Exercise requirements:
With the pictures left out, retype exactly the lines below starting at the line that contains "footprints on sand" and ending at the line that contains "Image: Badminton, racket, shuttlecock, Chinese".

Data extract:

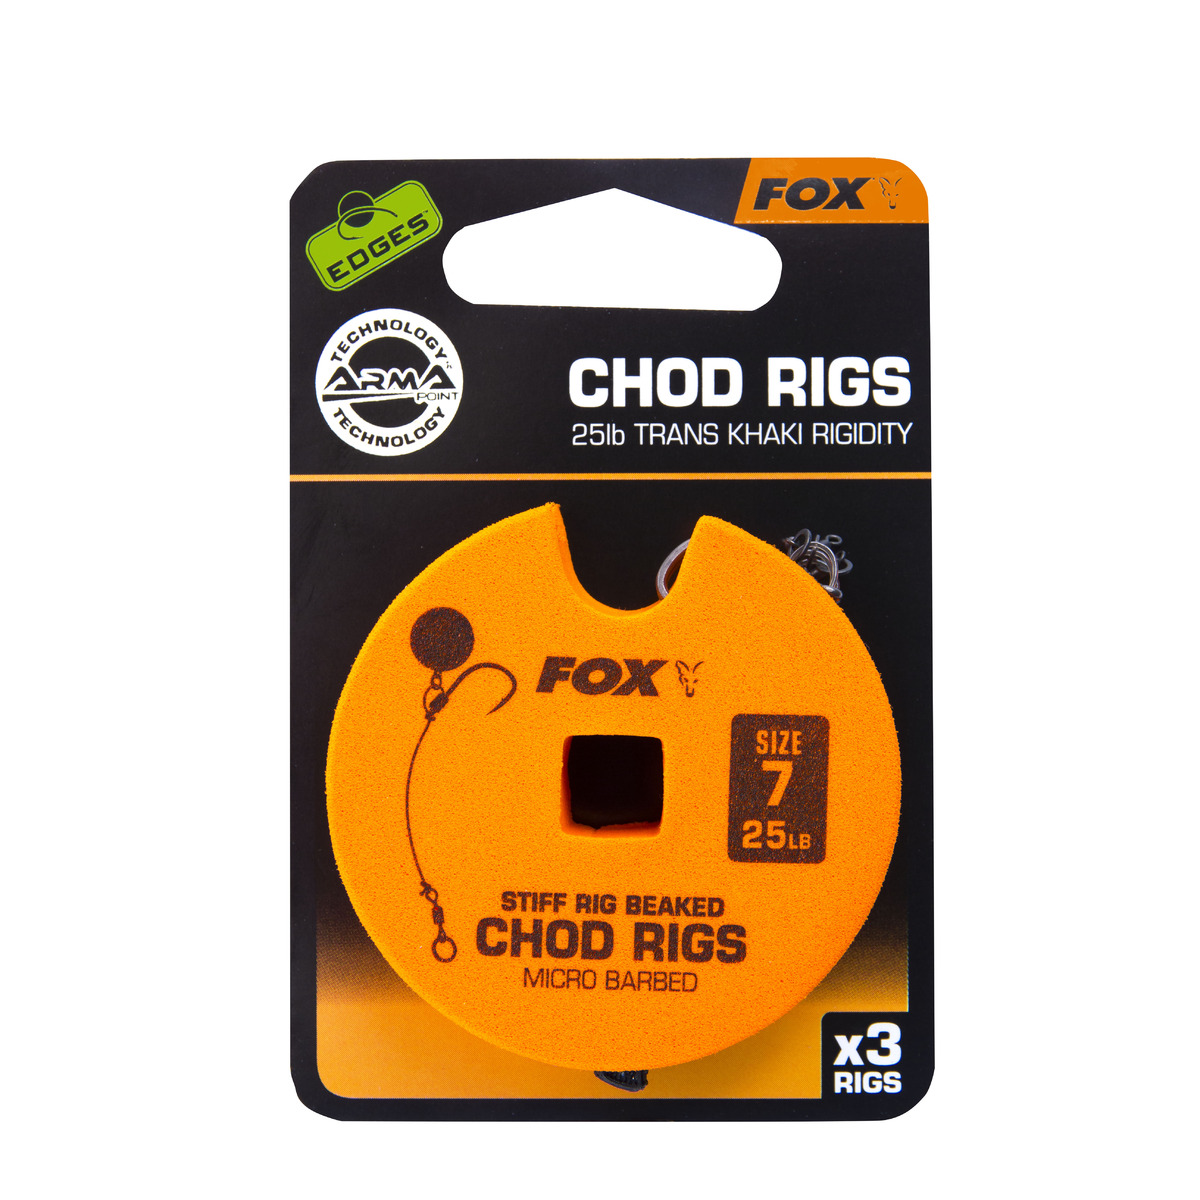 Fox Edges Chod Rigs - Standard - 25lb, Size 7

* * *

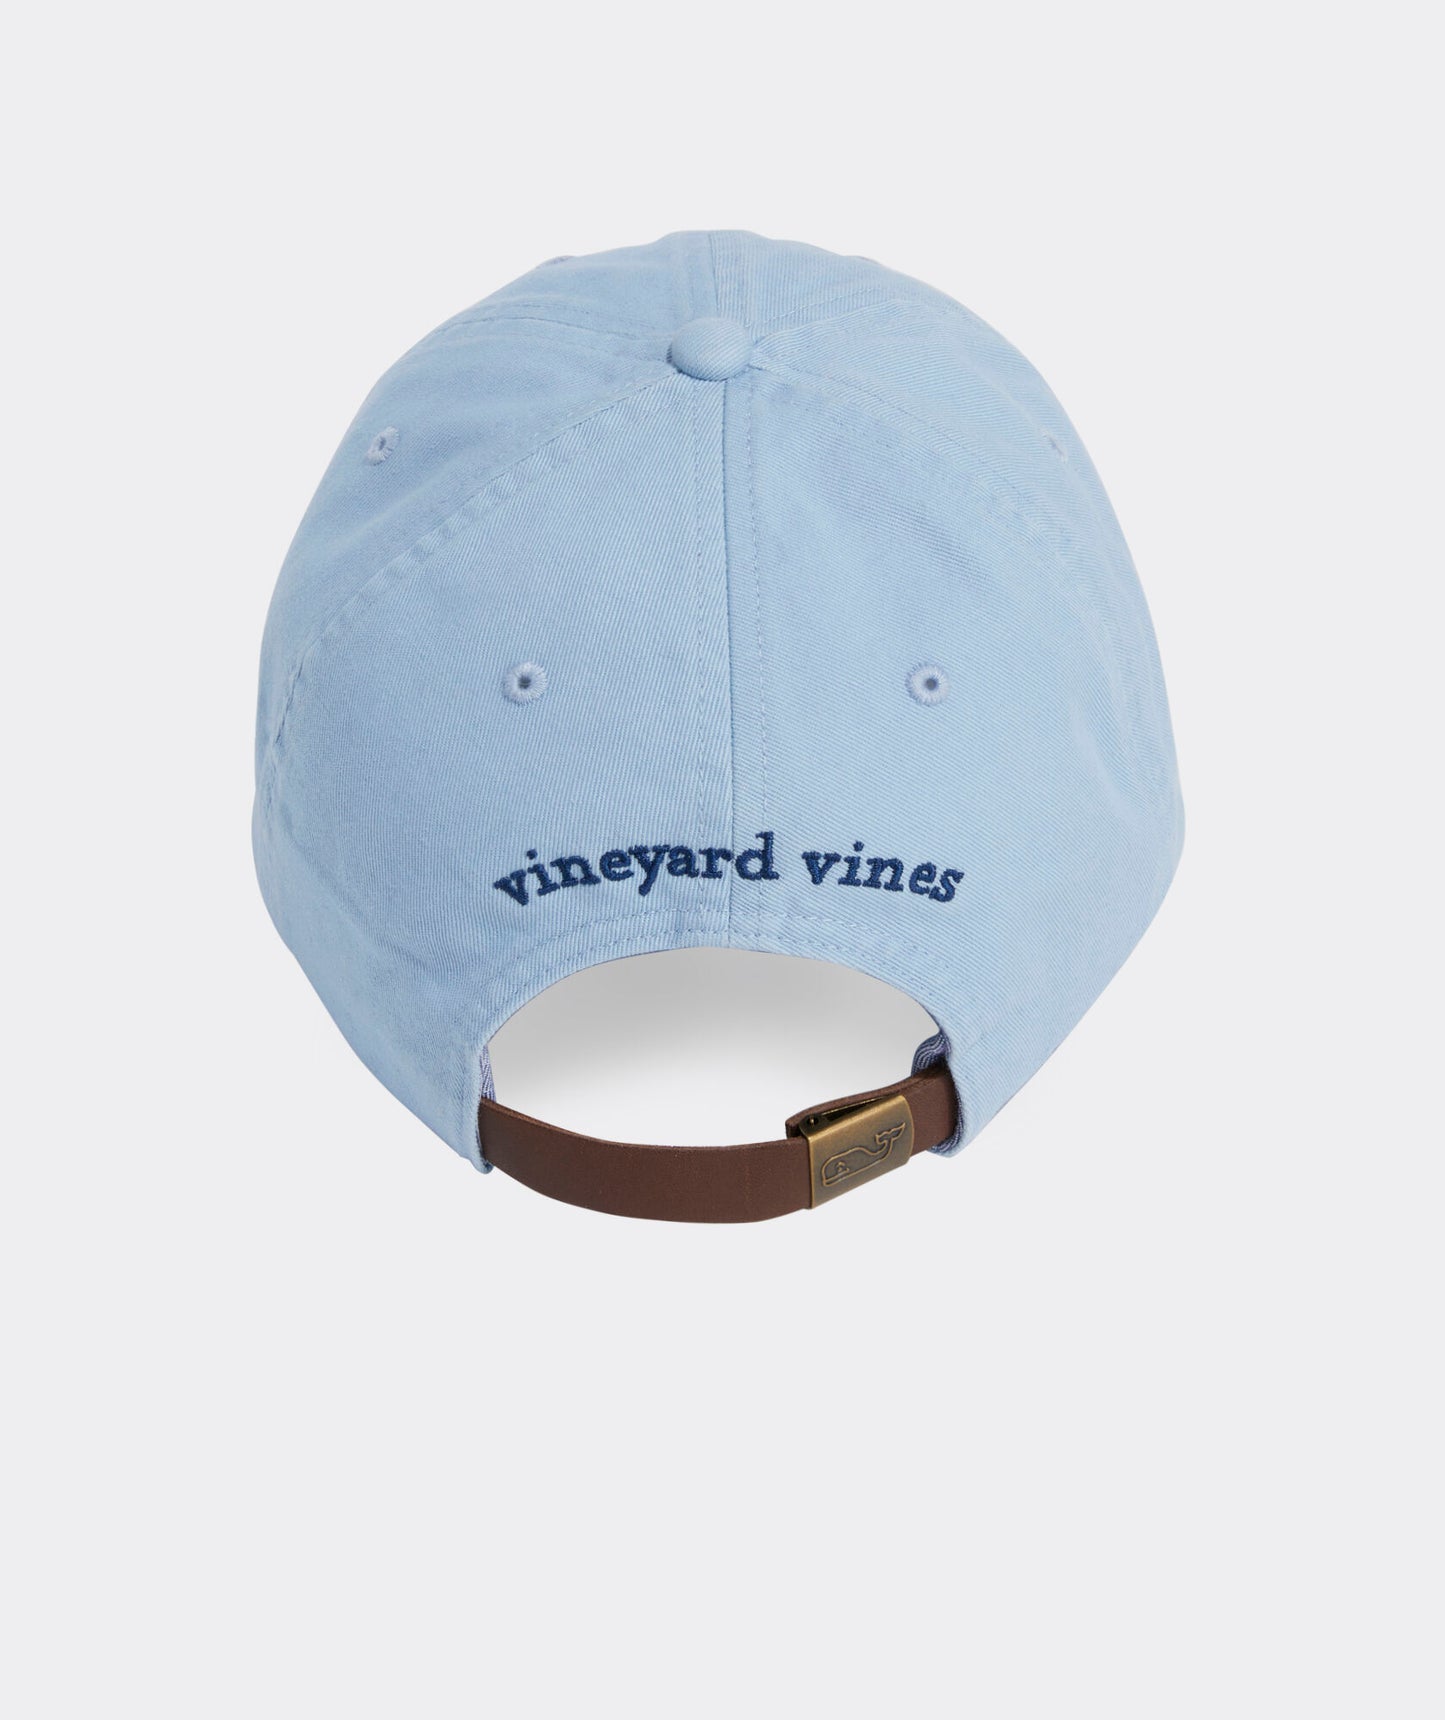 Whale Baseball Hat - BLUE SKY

==

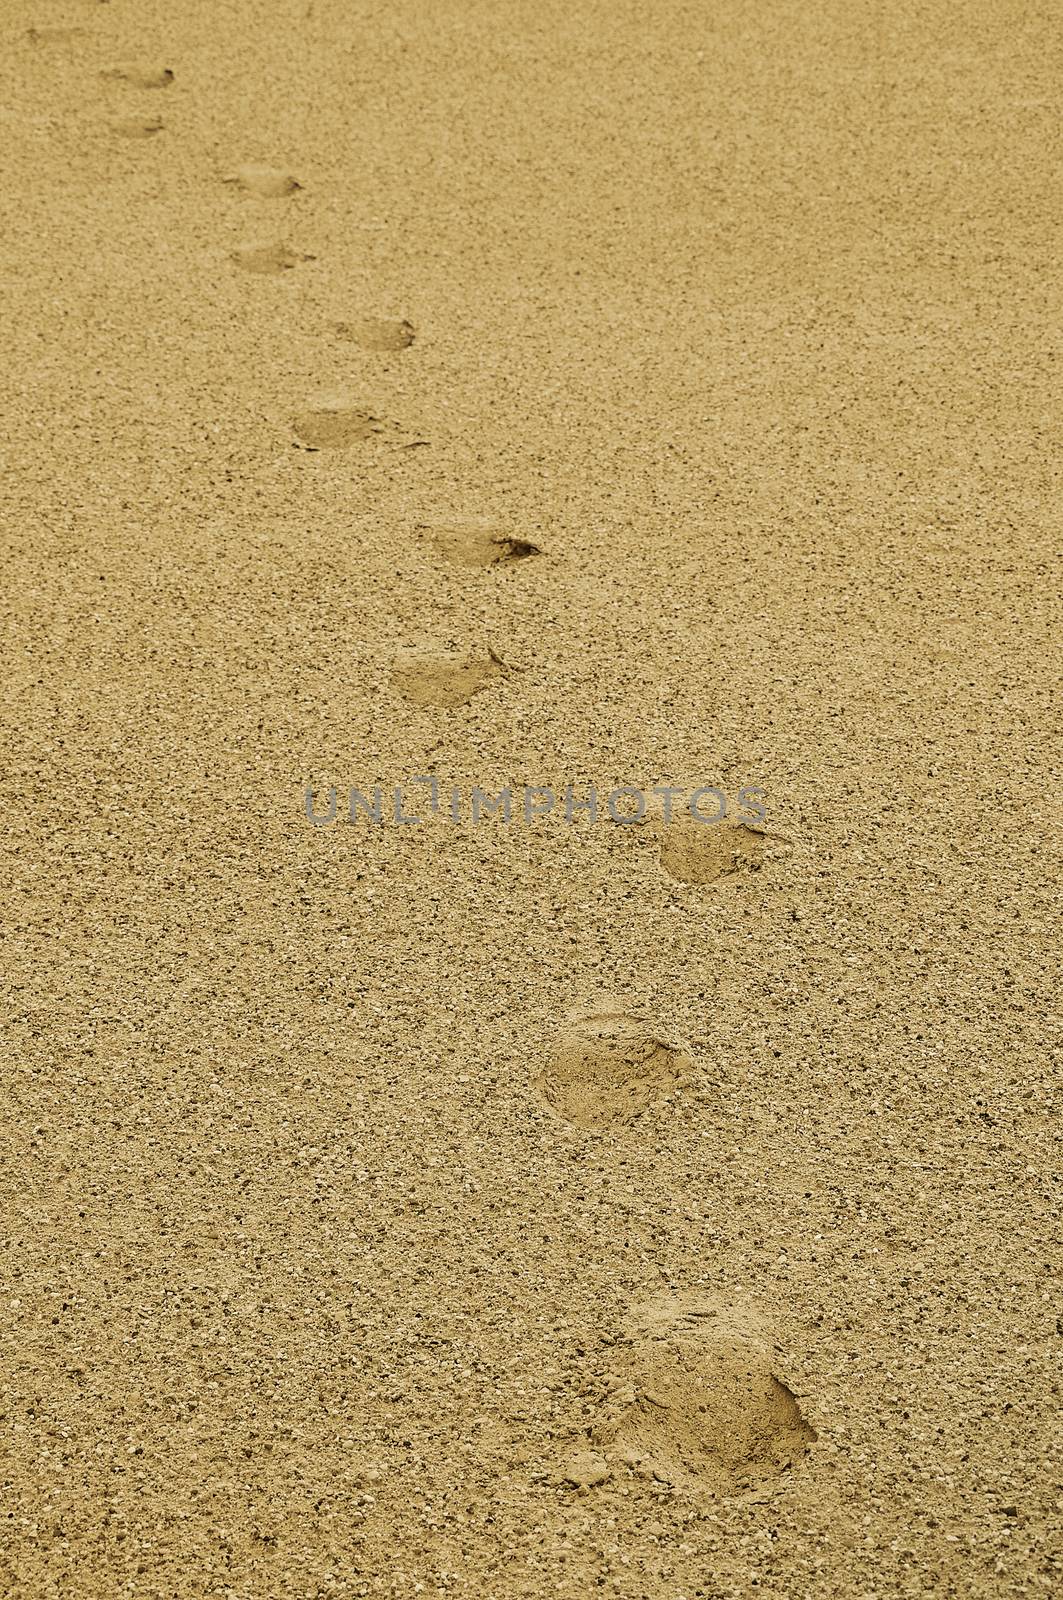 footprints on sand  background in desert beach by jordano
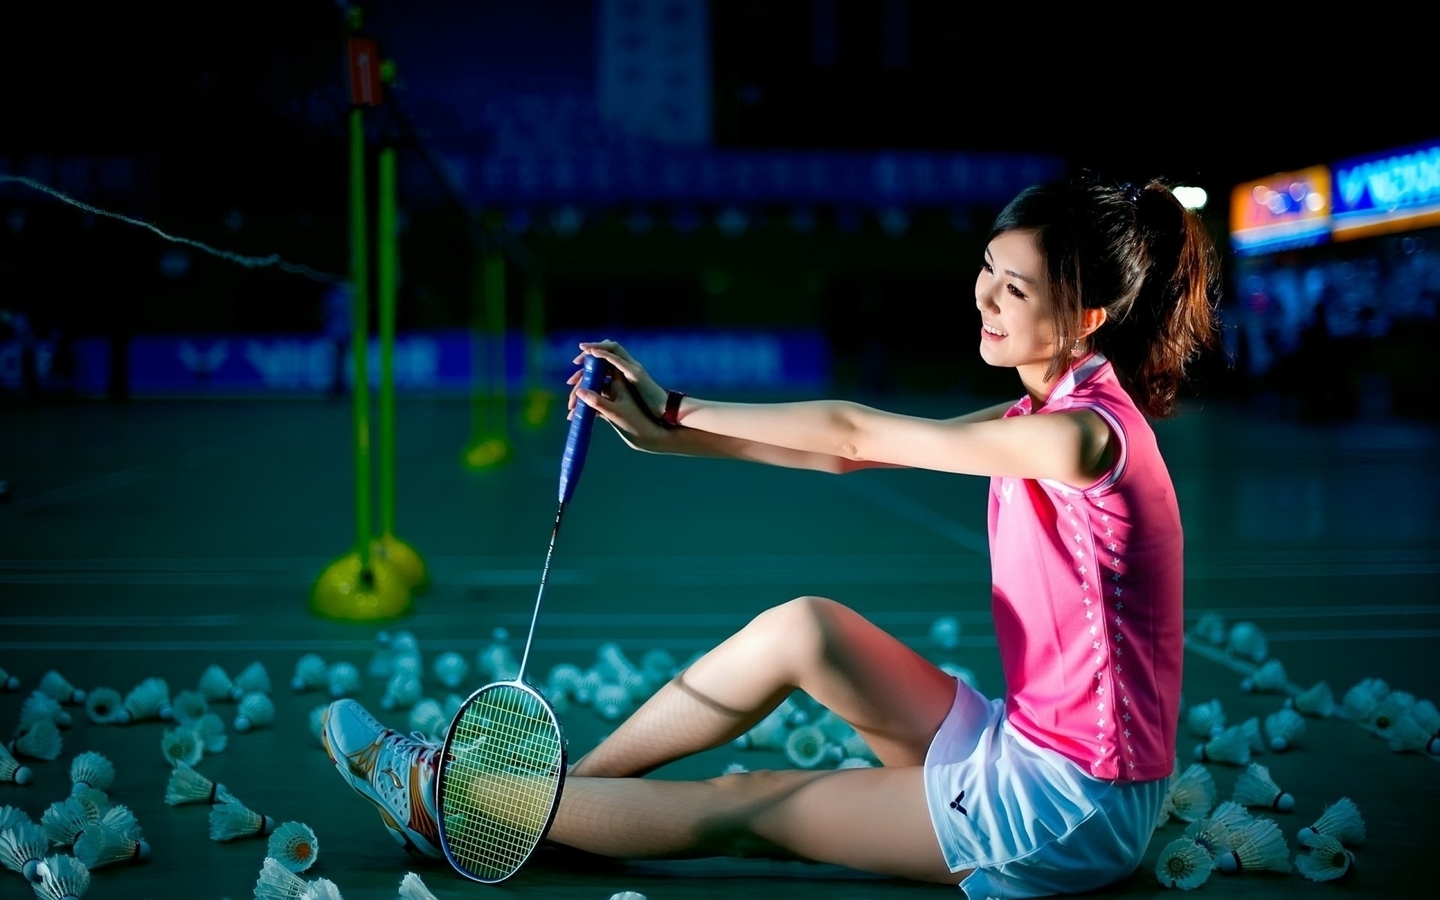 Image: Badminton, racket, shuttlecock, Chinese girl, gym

Written response:
 footprints on sand  background in desert beach by jordano
 Image: Badminton, racket, shuttlecock, Chinese girl, gym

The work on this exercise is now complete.